Q&A: Supply Chain Fallout From Iran War, Tariff Uncertainty
Key Takeaways
- •Airspace closures force pharma shipments onto longer, costlier routes
- •Fuel surcharges rise sharply as Strait of Hormuz remains closed
- •Supreme Court limits presidential tariff power, creating compliance uncertainty
- •Companies audit HTS codes to identify refundable tariffs and exposure
Pulse Analysis
The sudden escalation of the Iran conflict has sent shockwaves through the pharmaceutical logistics ecosystem. With the Strait of Hormuz shut and large swaths of regional airspace declared no‑fly zones, carriers are rerouting cargo through longer paths that erode the speed advantage of air freight. Fuel surcharges, already volatile, have spiked as airlines burn more gallons to circumvent the closure, inflating the cost of temperature‑controlled shipments that are critical for clinical‑trial material and finished drugs. Capacity constraints on both air and ocean lanes further tighten the supply chain, prompting manufacturers to hold additional inventory of key intermediates and to renegotiate carrier contracts.

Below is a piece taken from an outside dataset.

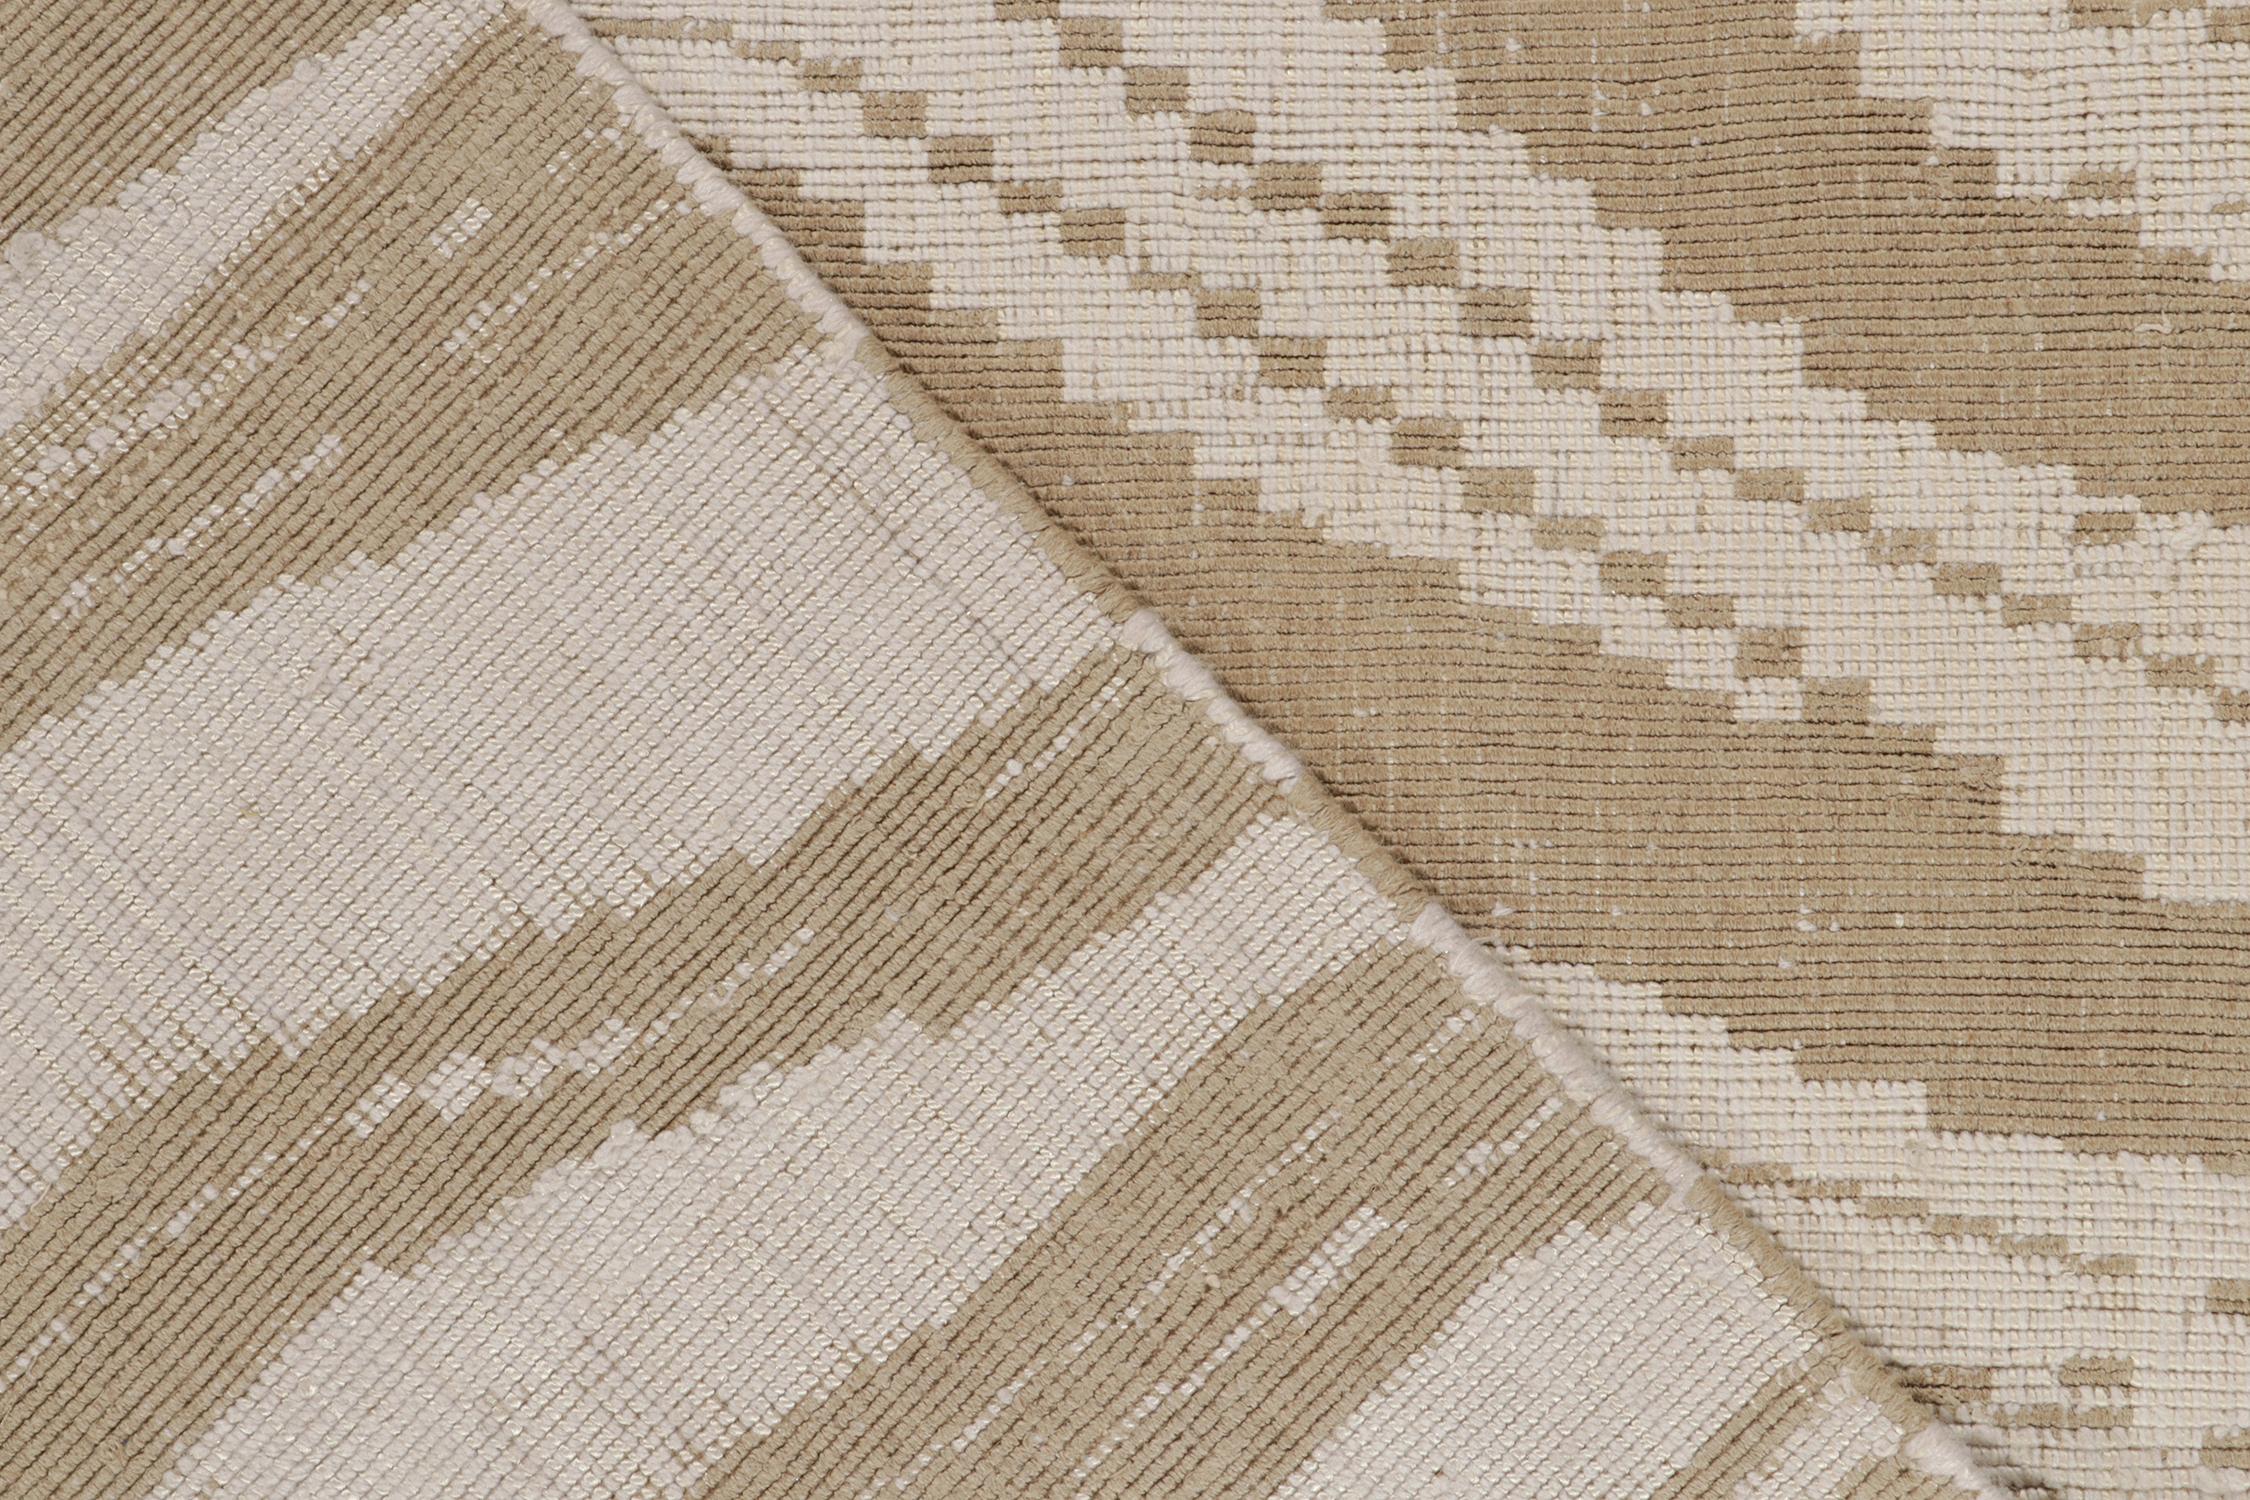 Contemporary Rug & Kilim's Hand-Knotted Abstract Rug in Beige-Brown Wavy Stripes For Sale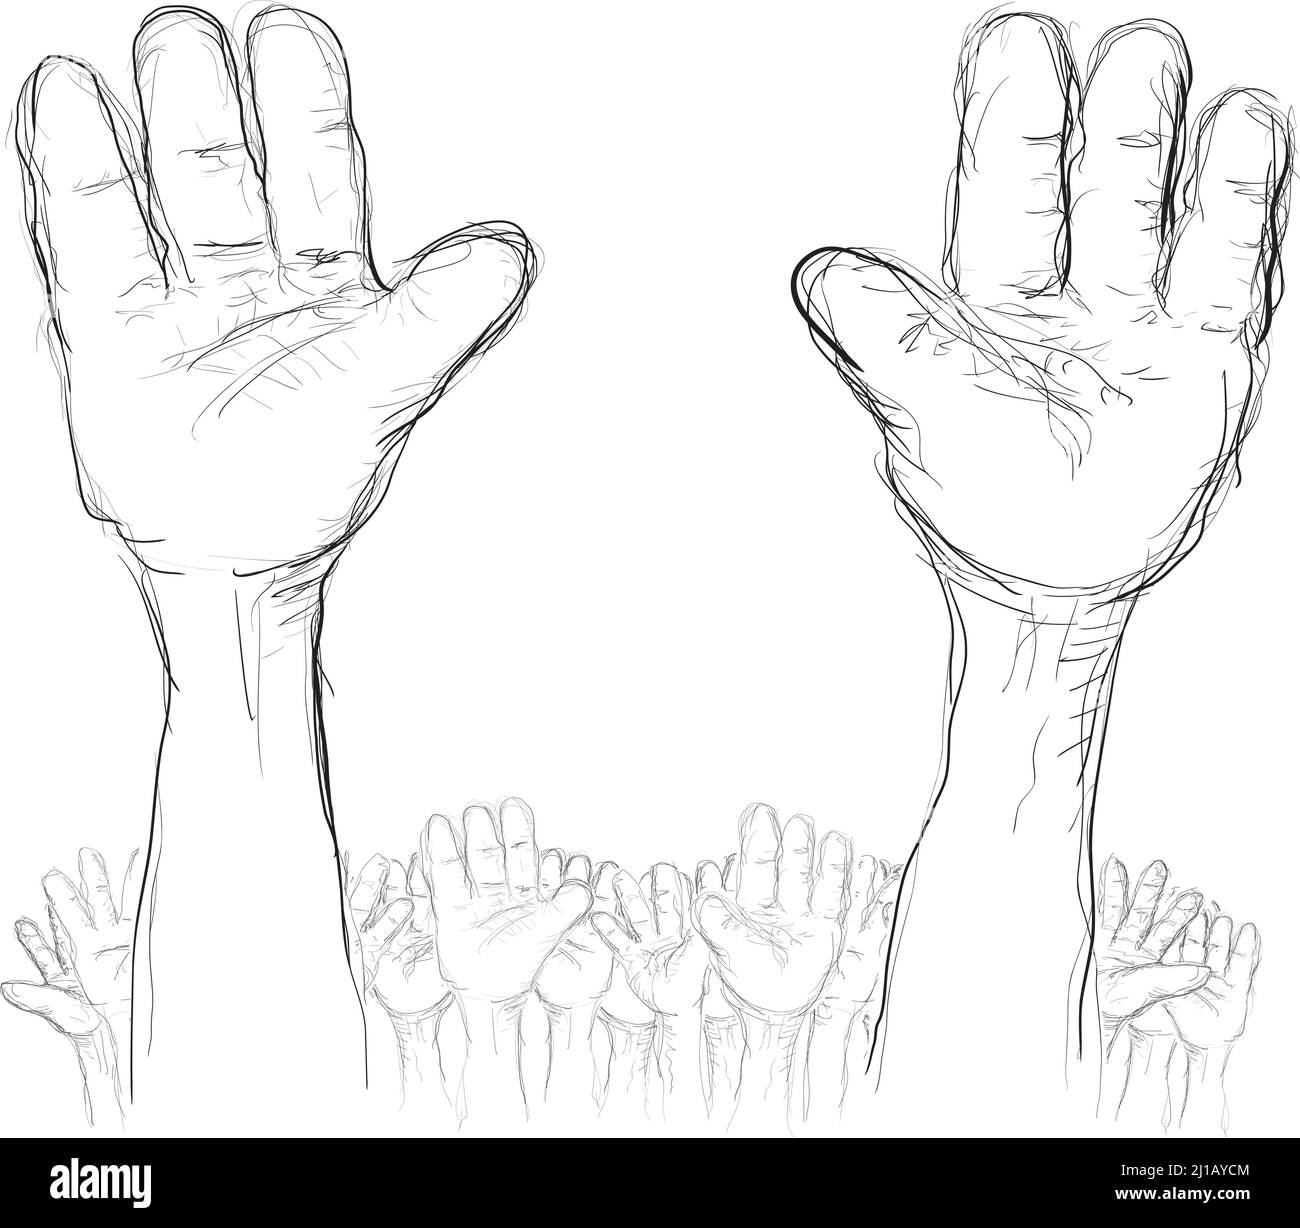 Hands raised up, vector drawing Stock Vector

Compounding the operational strain, the Supreme Court’s decision in Learning Resources, Inc. v. Trump stripped the president of unilateral tariff‑imposition powers under the International Emergency Economic Powers Act. While existing duties under Sections 122 and 301 remain, the ruling creates a fragmented regulatory landscape where biopharma firms must quickly identify which tariffs are still enforceable. Dan Bell of Marken advises a granular audit of HTS codes, immediate pursuit of refunds for overturned duties, and proactive engagement with customs brokers to navigate the ambiguous protest window. The uncertainty around future tariff adjustments forces companies to embed scenario‑planning into their financial models, ensuring agility in a rapidly shifting policy environment.
Strategically, the twin pressures are reshaping where and how new drugs are developed and launched. Sponsors are weighing the feasibility of U.S.‑centric clinical trials against the risk of cost volatility, with some opting to delay U.S. cohorts or shift early‑phase work to Europe or Asia, where regulatory frameworks and incentives may offer greater stability. While the Drug Supply Chain Security Act and the EU’s Falsified Medicines Directive remain separate compliance obligations, the added financial burden of meeting these standards under heightened tariff and fuel costs could accelerate a broader diversification of manufacturing footprints. In the long term, firms that build resilient, multi‑regional supply networks and maintain robust customs intelligence will be better positioned to weather geopolitical turbulence and protect product pipelines.